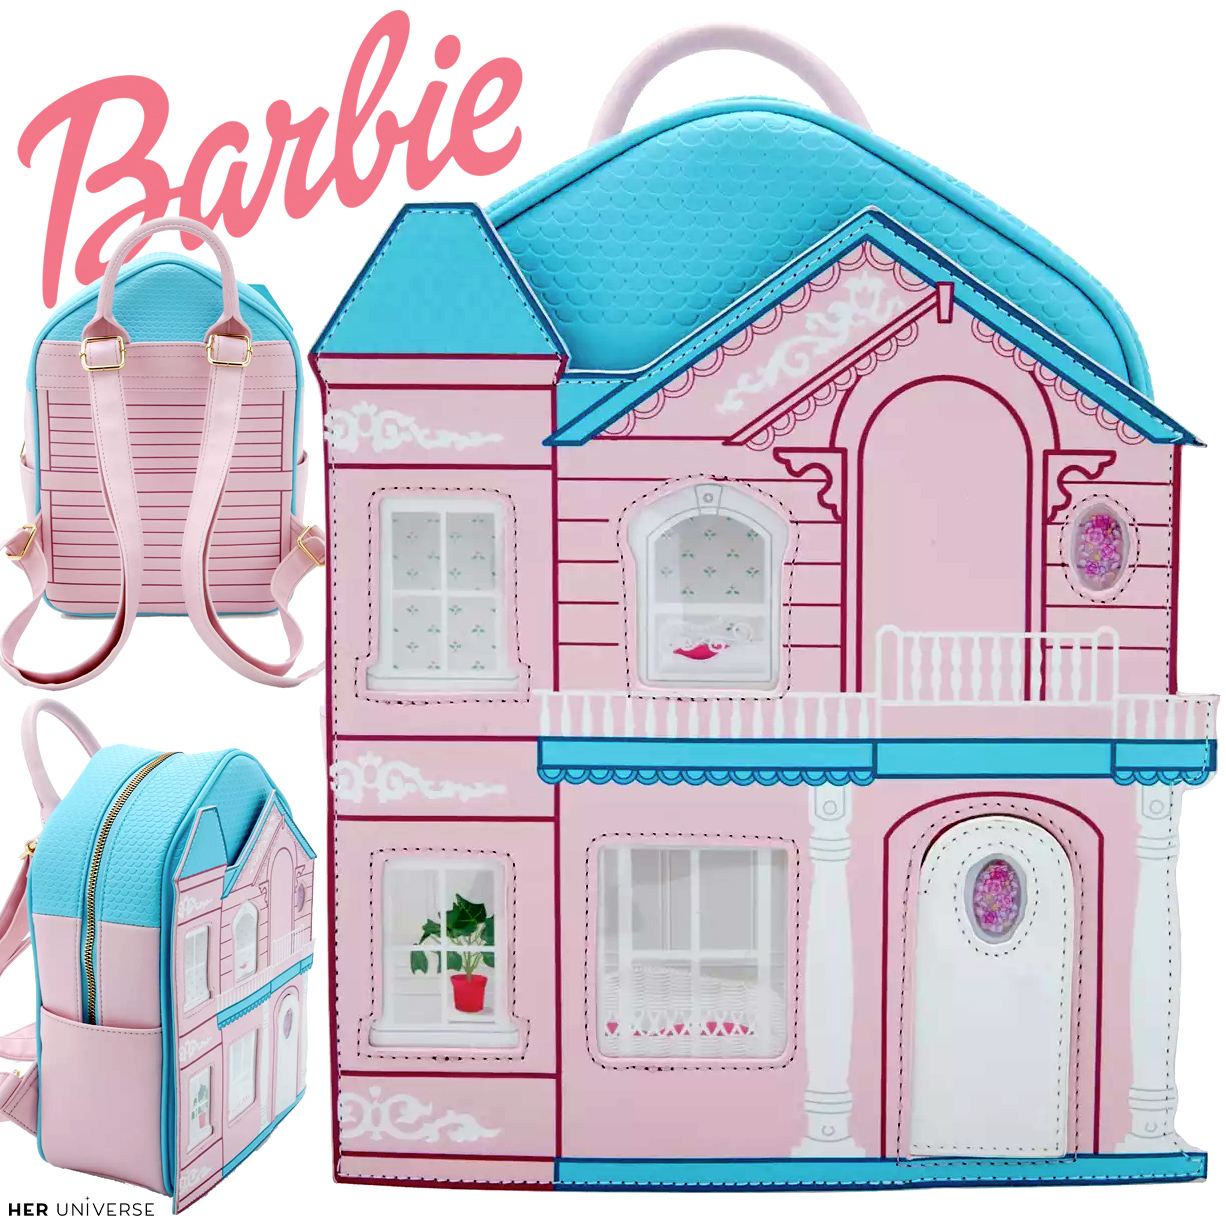 Mini-Mochila Casa dos Sonhos da Barbie (Dreamhouse Backpack)
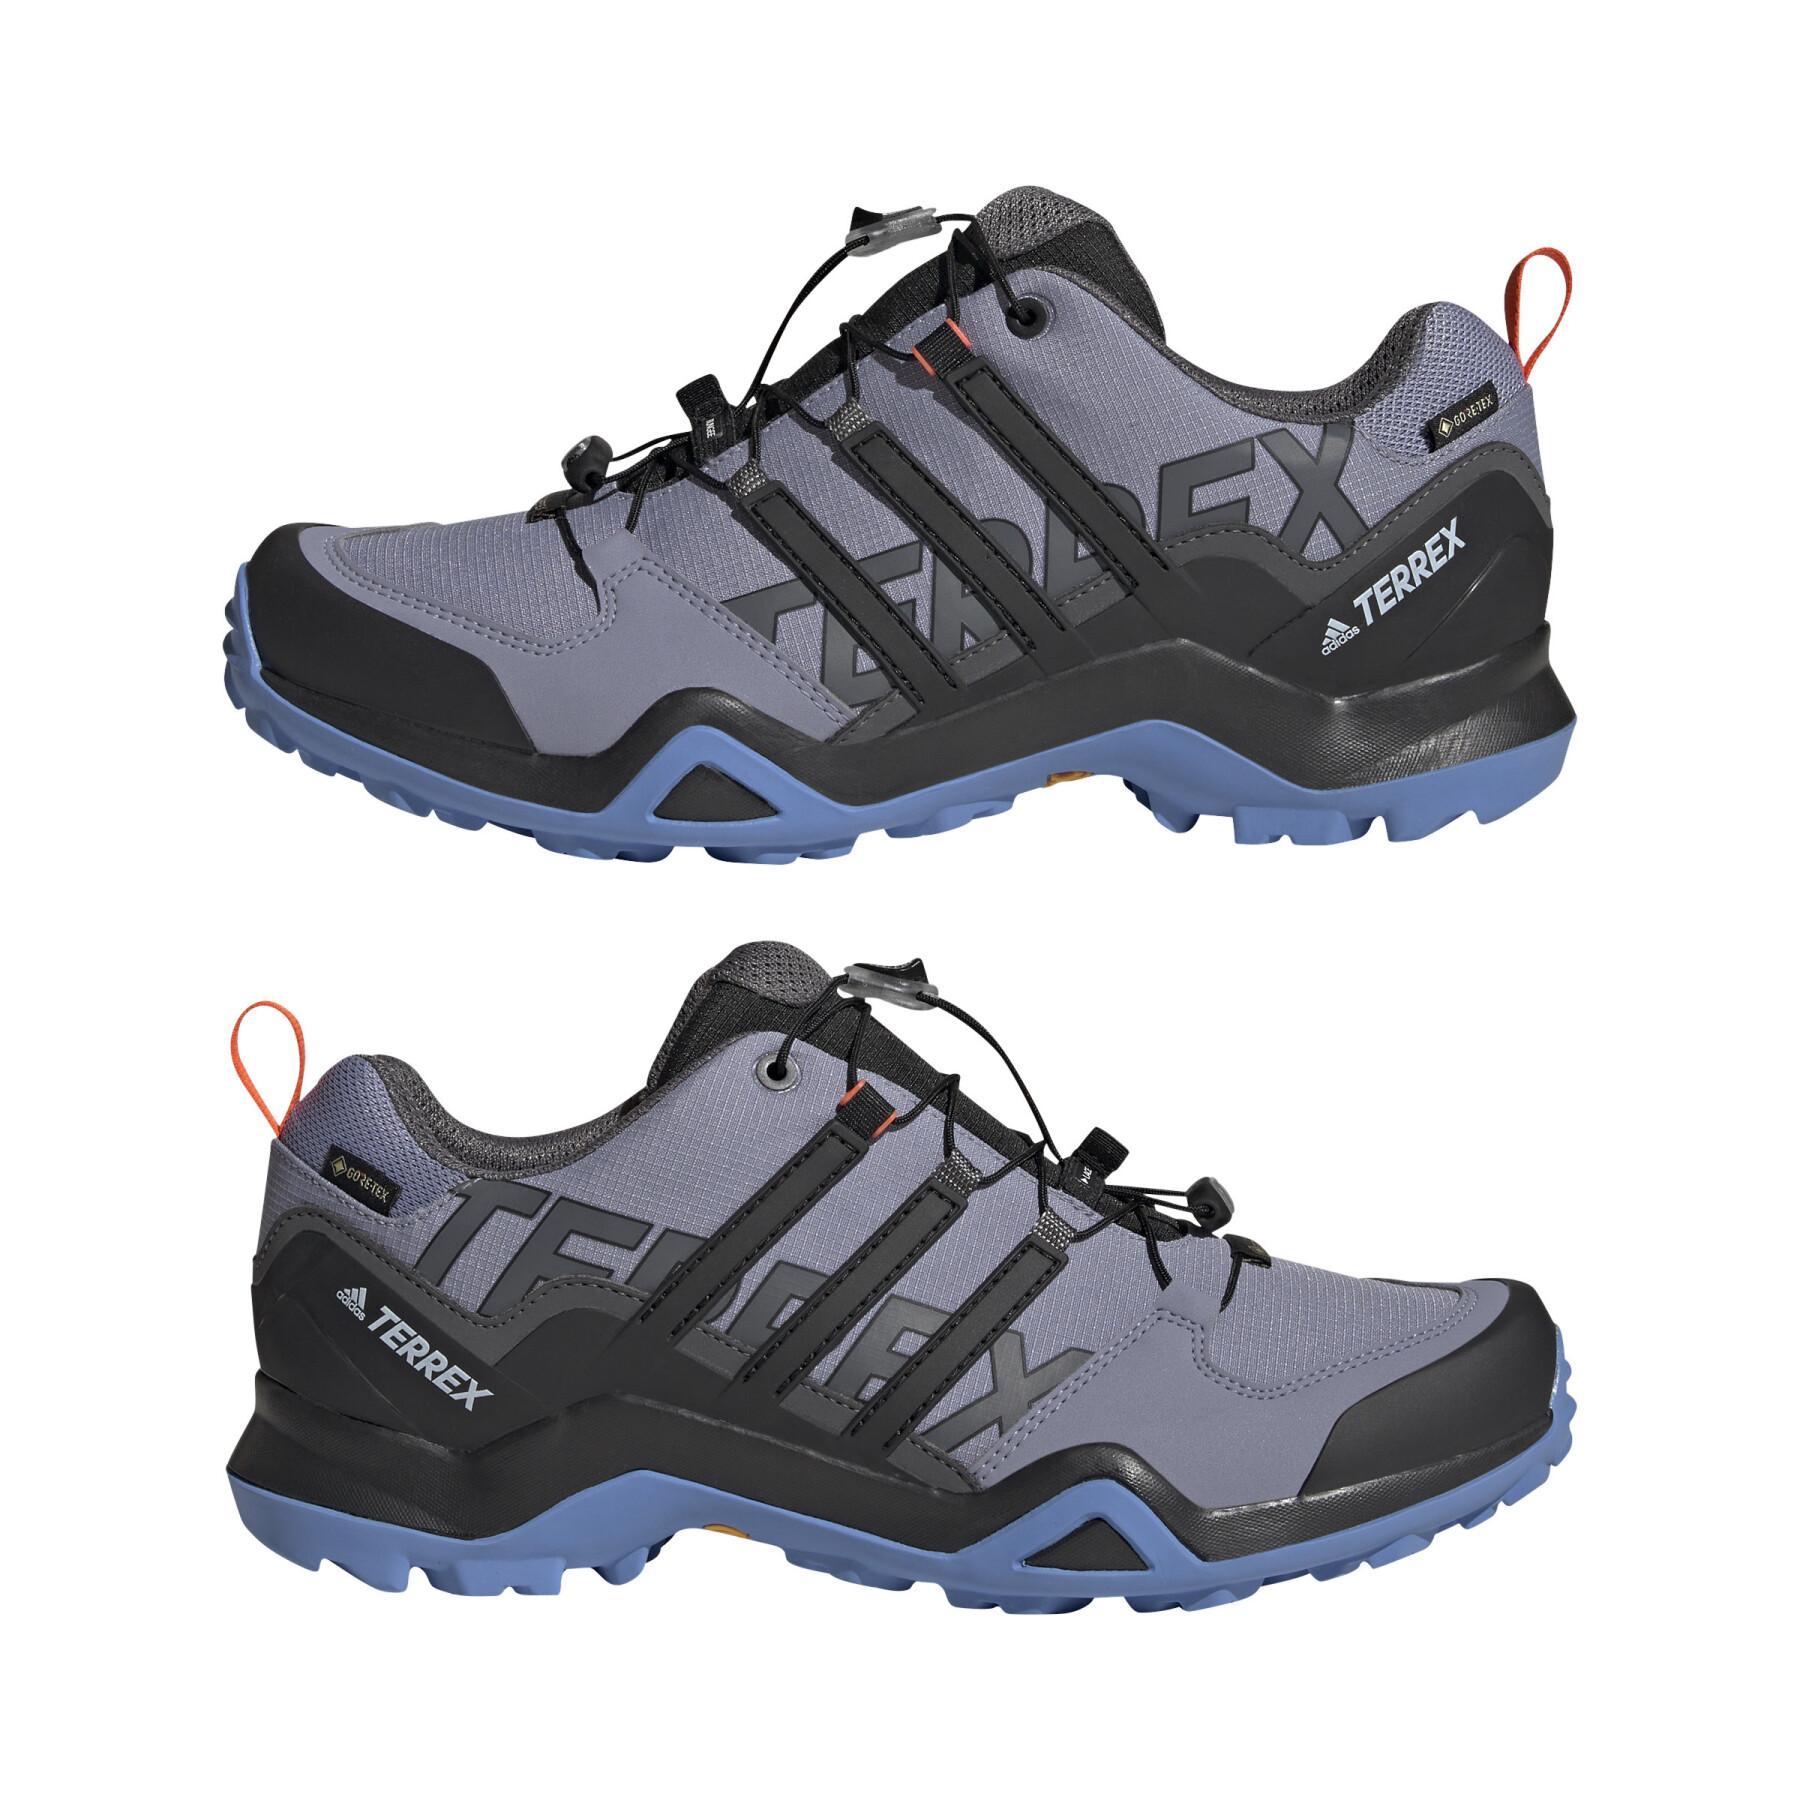 Hiking shoes adidas Terrex Swift R2 GTX
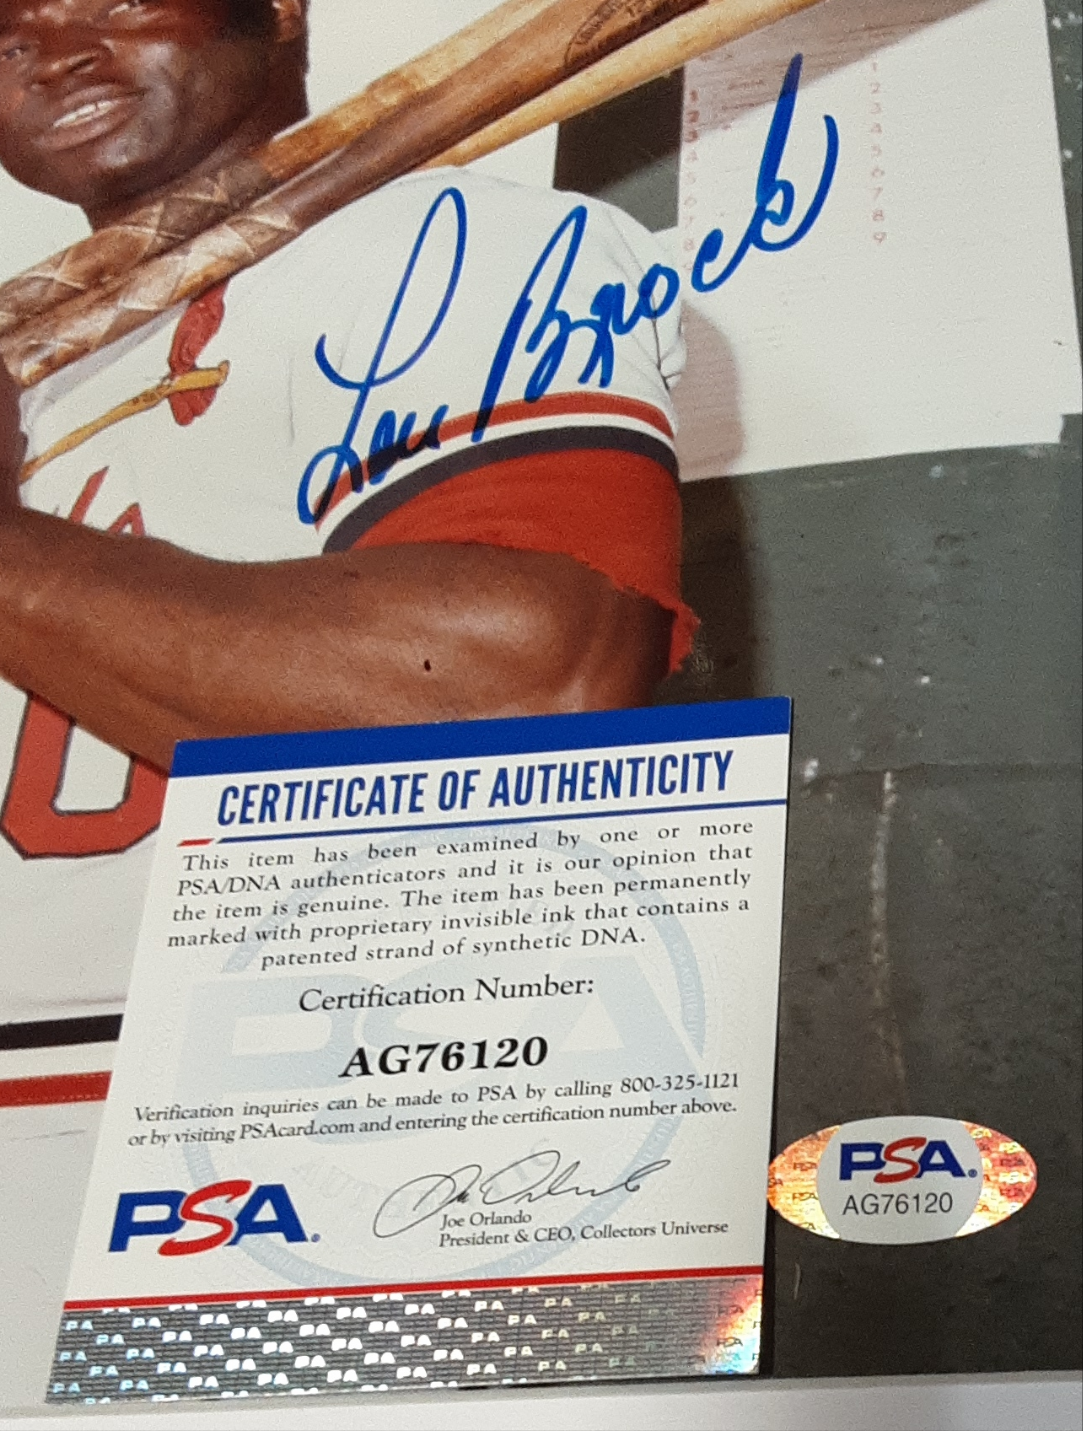 Lou Brock Authentic Signed Framed 8x10 Photo Autographed PSA
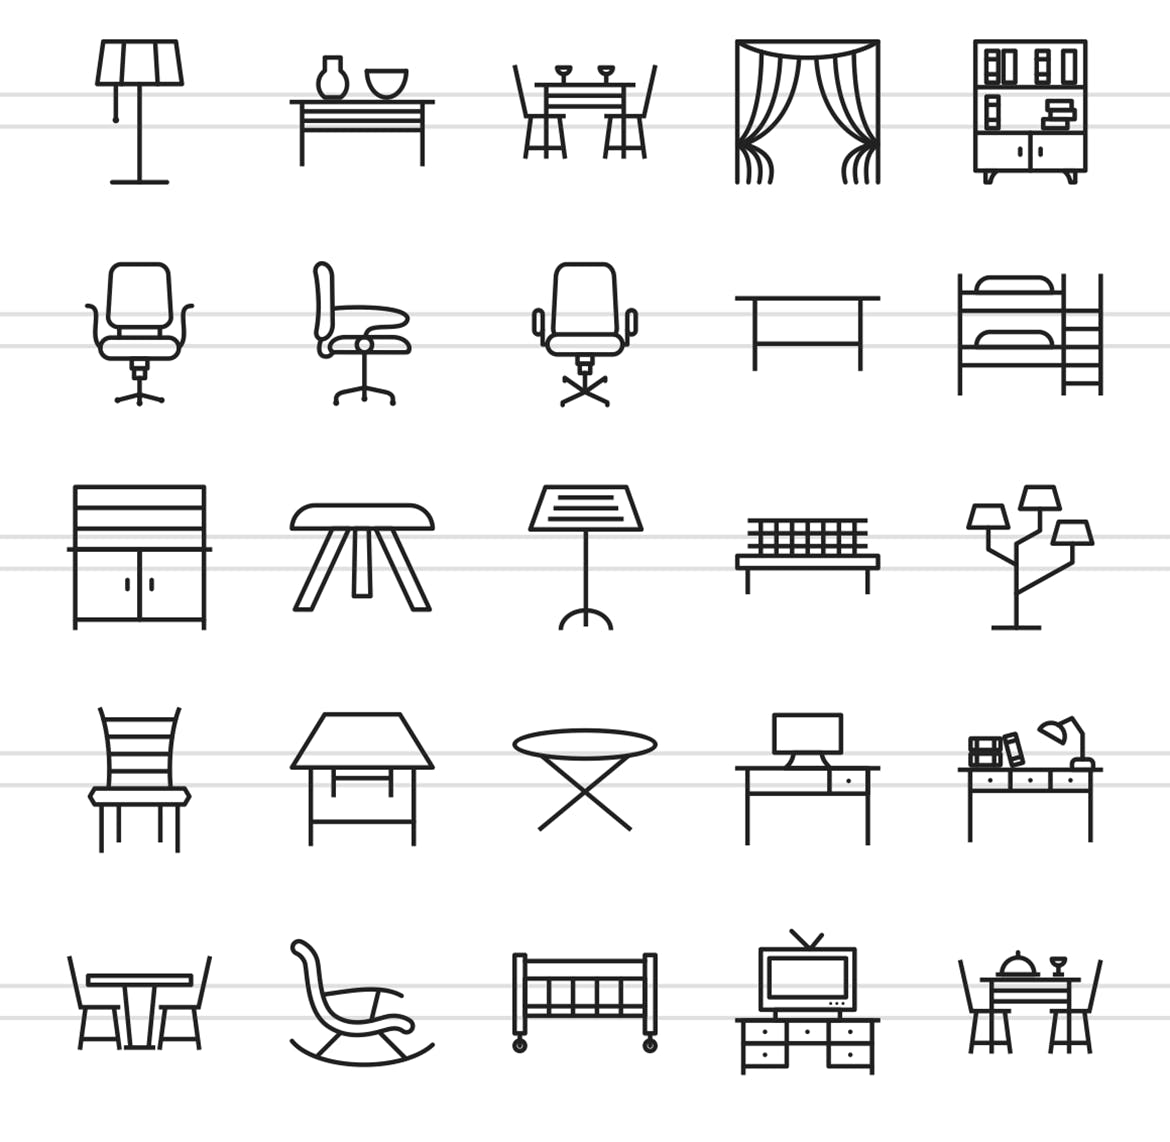 50枚家具系列线性非凡图库精选图标 II 50 Furniture Line Icons Season II插图(2)
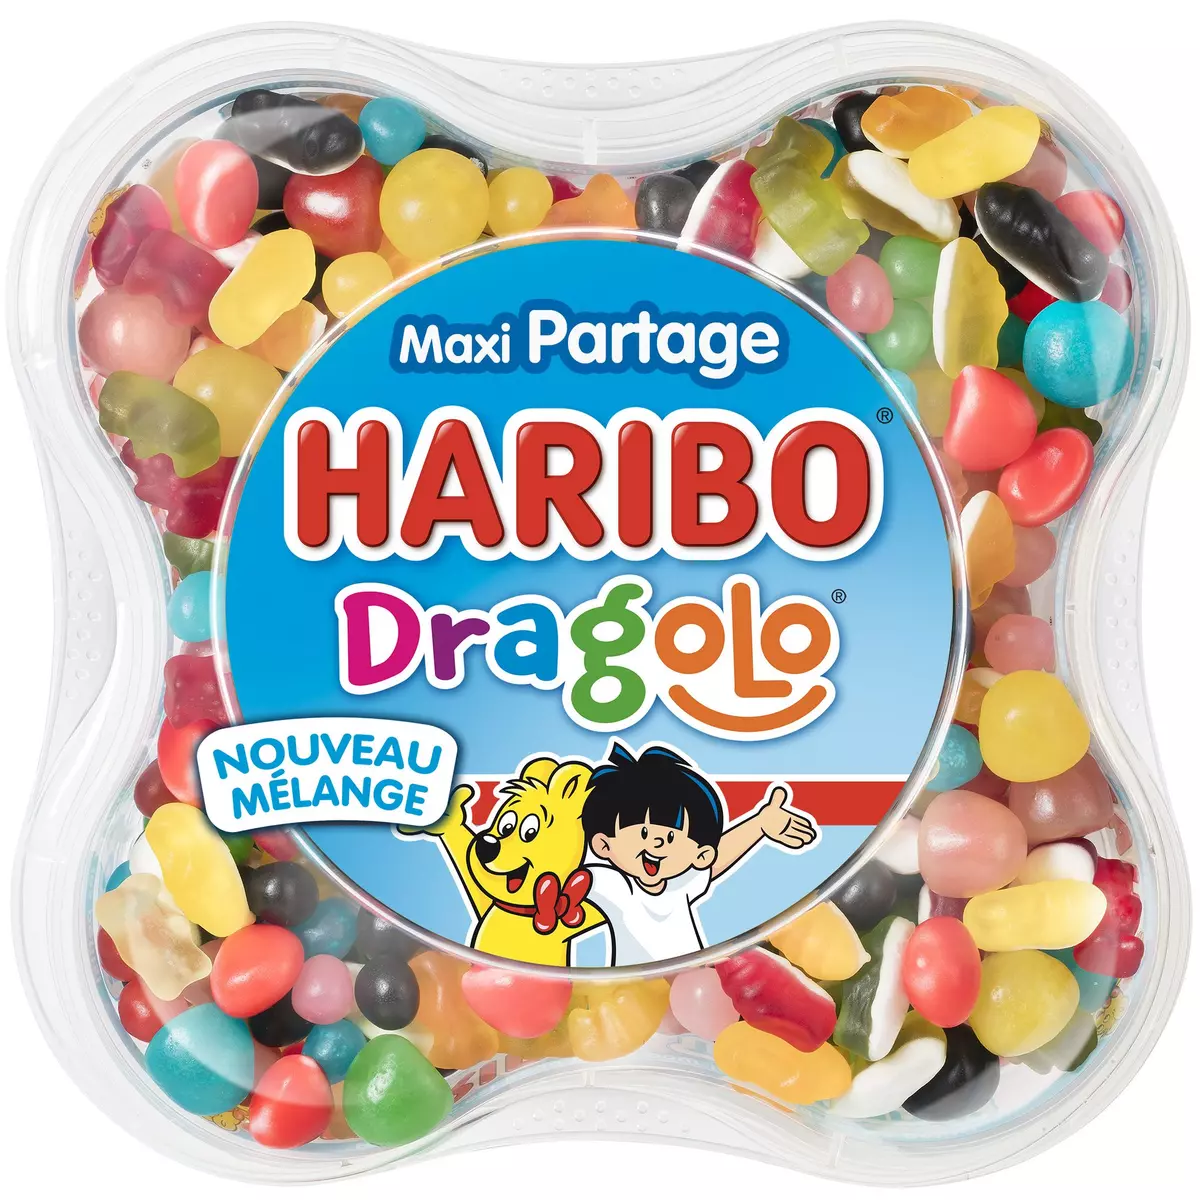 HARIBO Dragolo Assortiment de bonbons gélifiés en boite 750g

■ ■ ■ ■ ■ ■ ■

- What is expected -
Beginning with the line containing "Hiking shoes adidas Terrex Swift R2 GTX" and ending with the last line of the data, output those lines exactly and nothing more. Omit every picture.

- The completed task -
 Hiking shoes adidas Terrex Swift R2 GTX
 Lou Brock Authentic Signed Framed 8x10 Photo Autographed PSA
 50枚家具系列线性非凡图库精选图标 II 50 Furniture Line Icons Season II插图(2)
 HARIBO Dragolo Assortiment de bonbons gélifiés en boite 750g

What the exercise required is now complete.